* Work required *
Quote the listing below in full and exactly as written, but omit every picture.
***** Given information
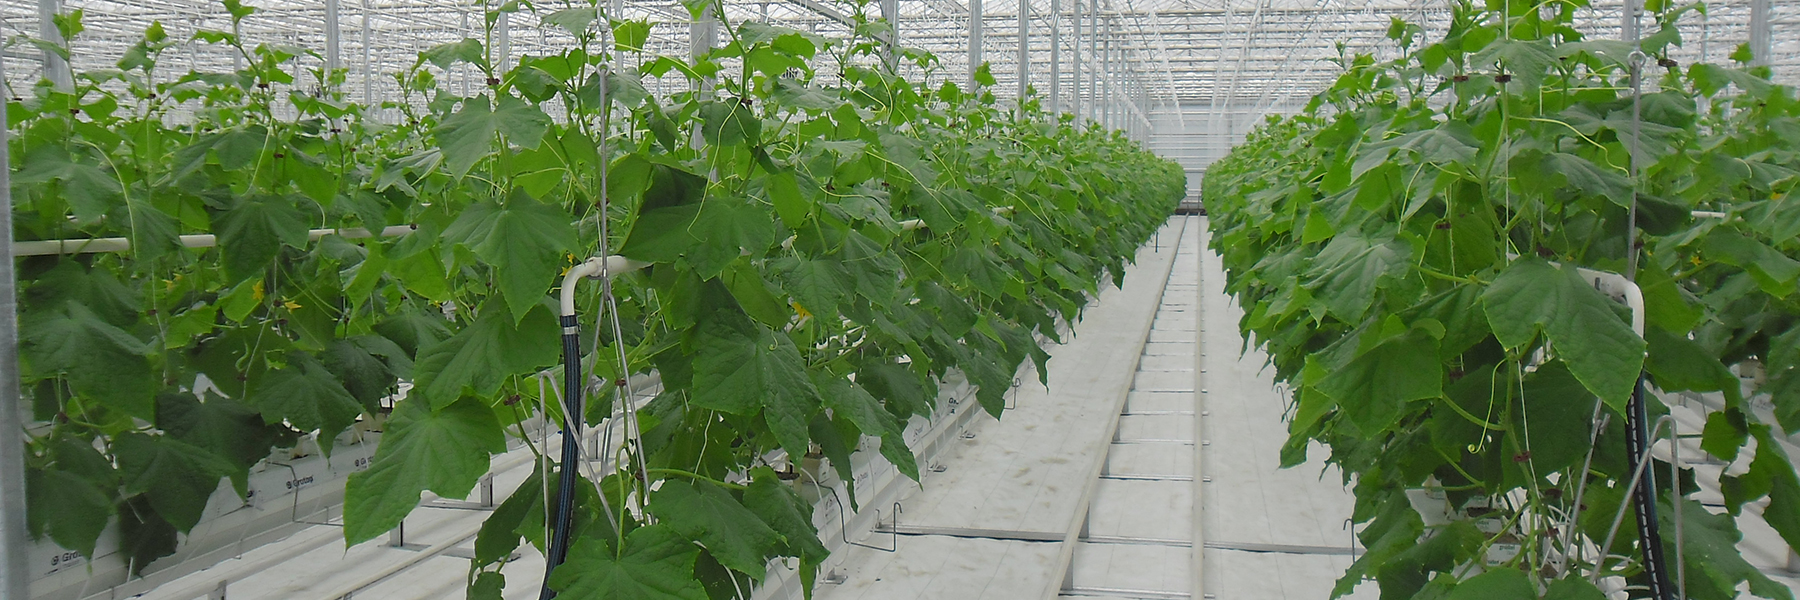 Venlo with hydroponics
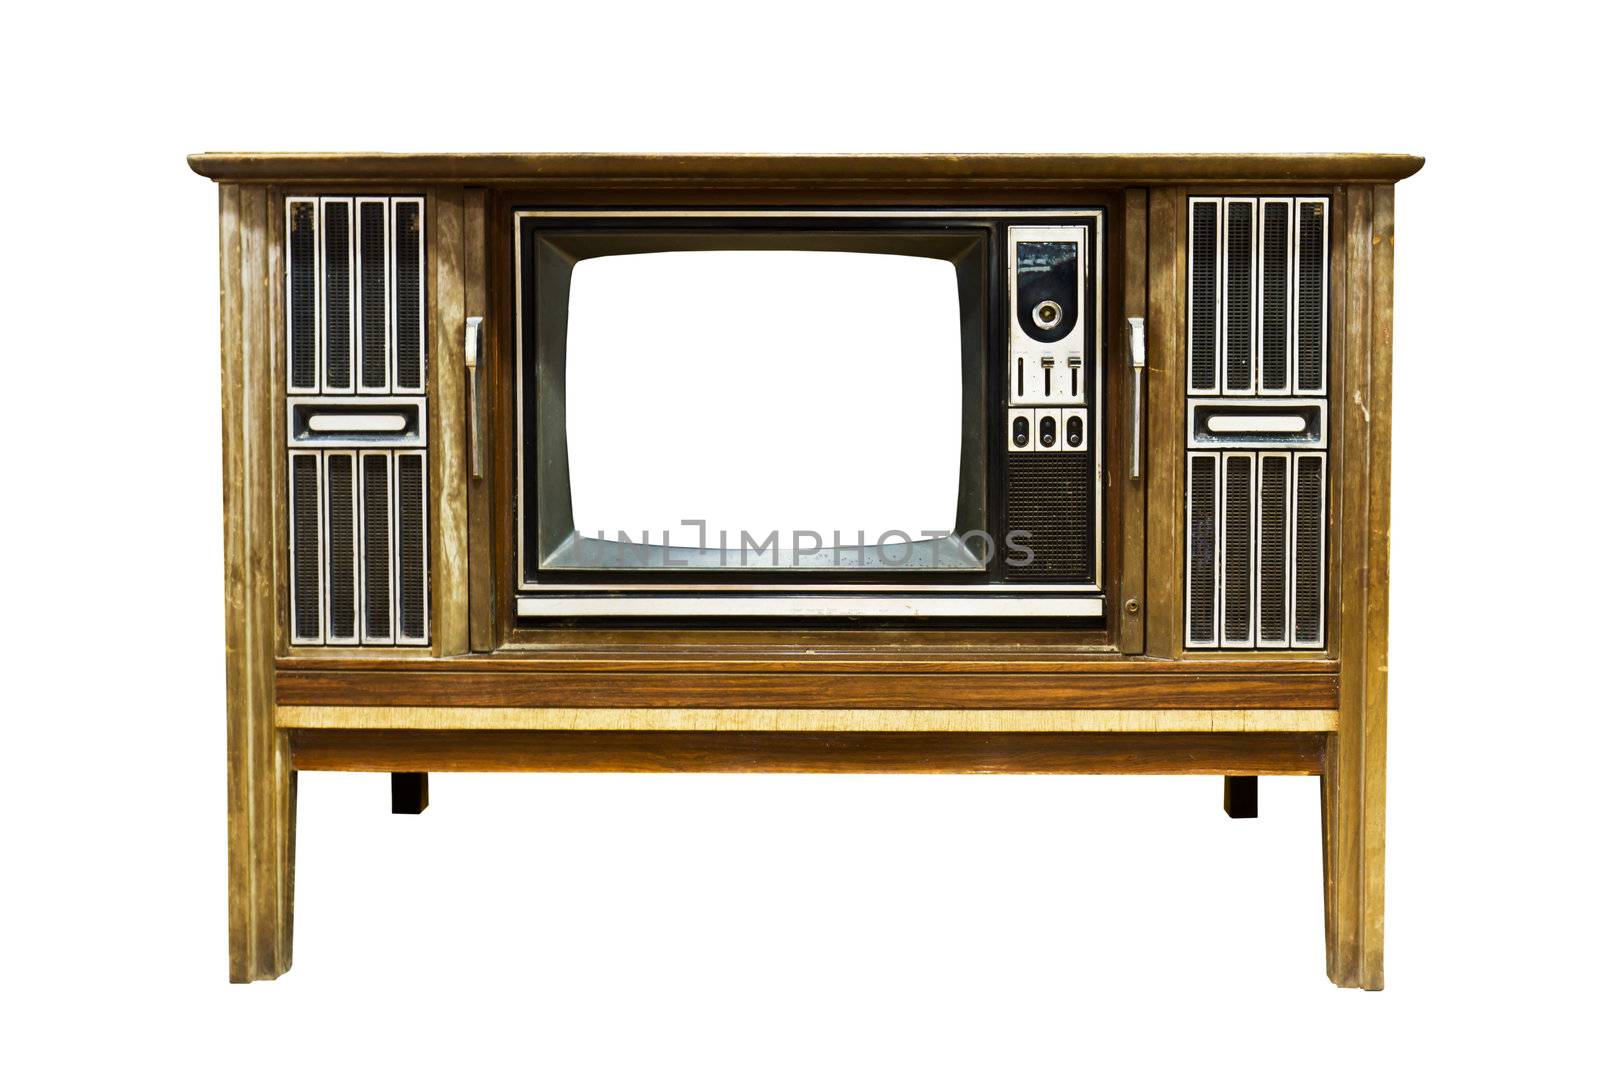 Retro Vintage television 2 by stoonn
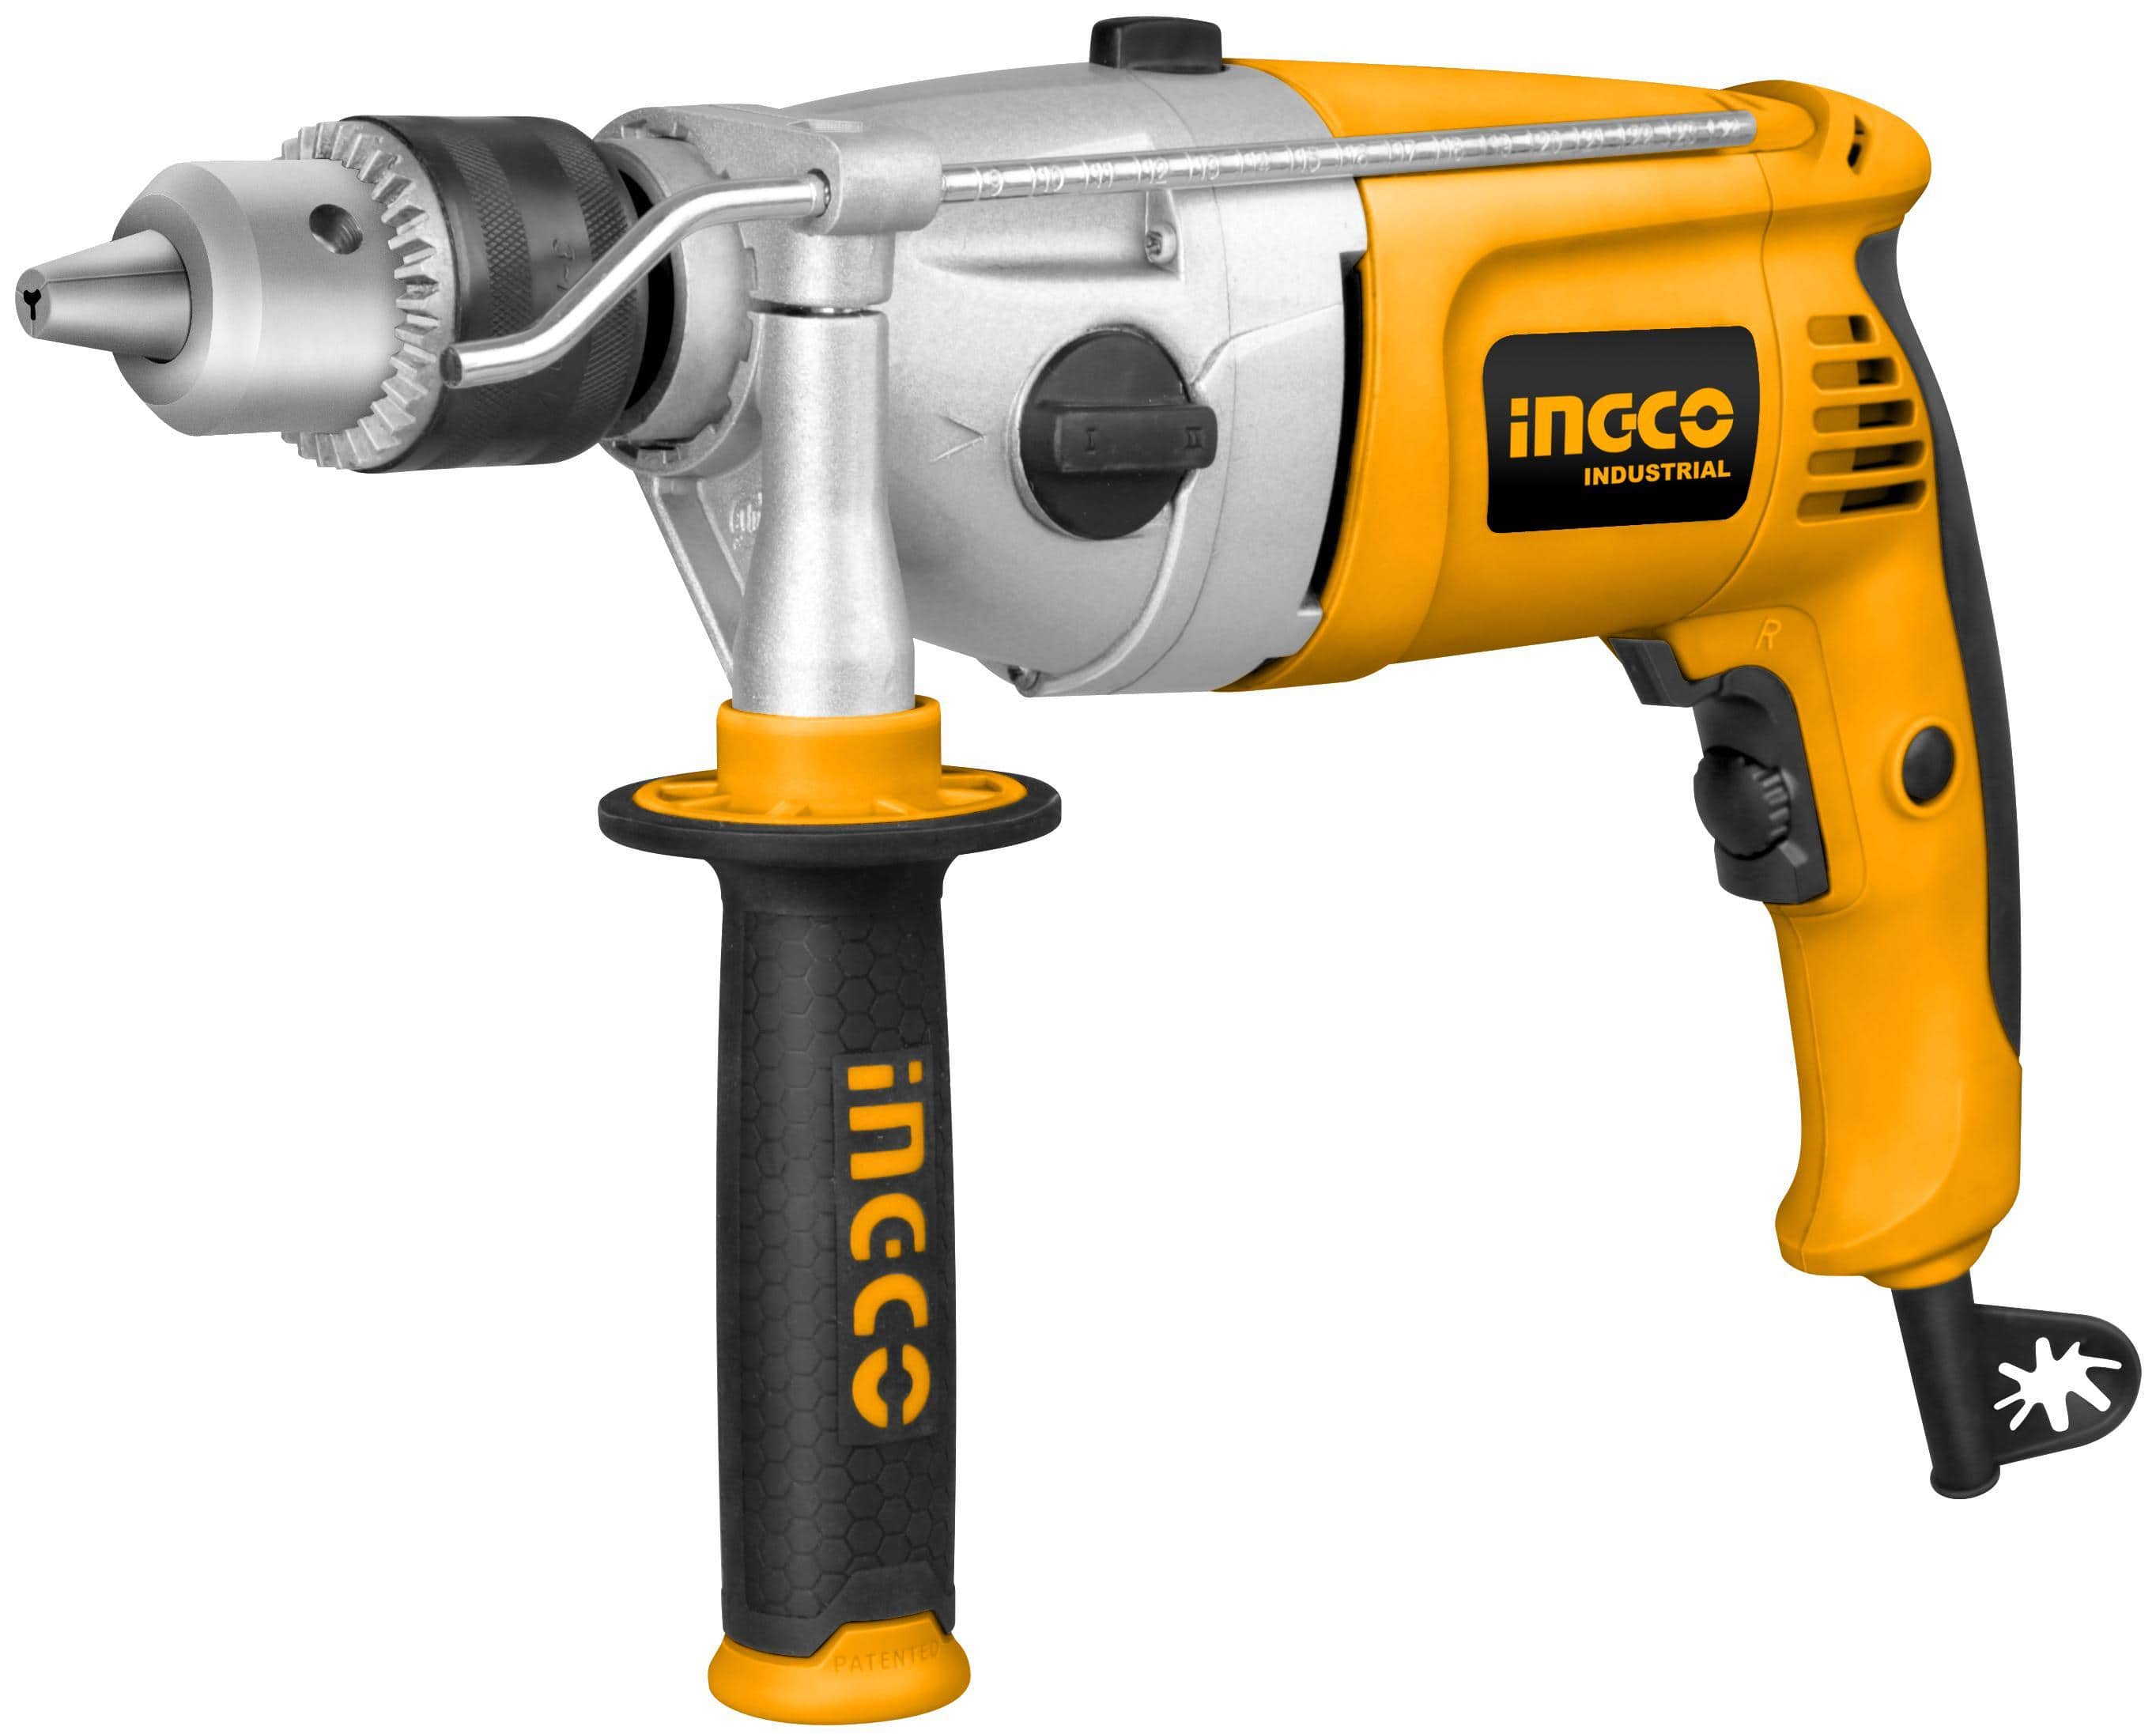 Ingco Hammer Impact drill 16mm 1100W - ID211002 | Supply Master | Accra, Ghana Tools Building Steel Engineering Hardware tool
**********
* Response for this exercise *
 Venlo with hydroponics
 Retro Vintage television 2 by stoonn
 Ingco Hammer Impact drill 16mm 1100W - ID211002 | Supply Master | Accra, Ghana Tools Building Steel Engineering Hardware tool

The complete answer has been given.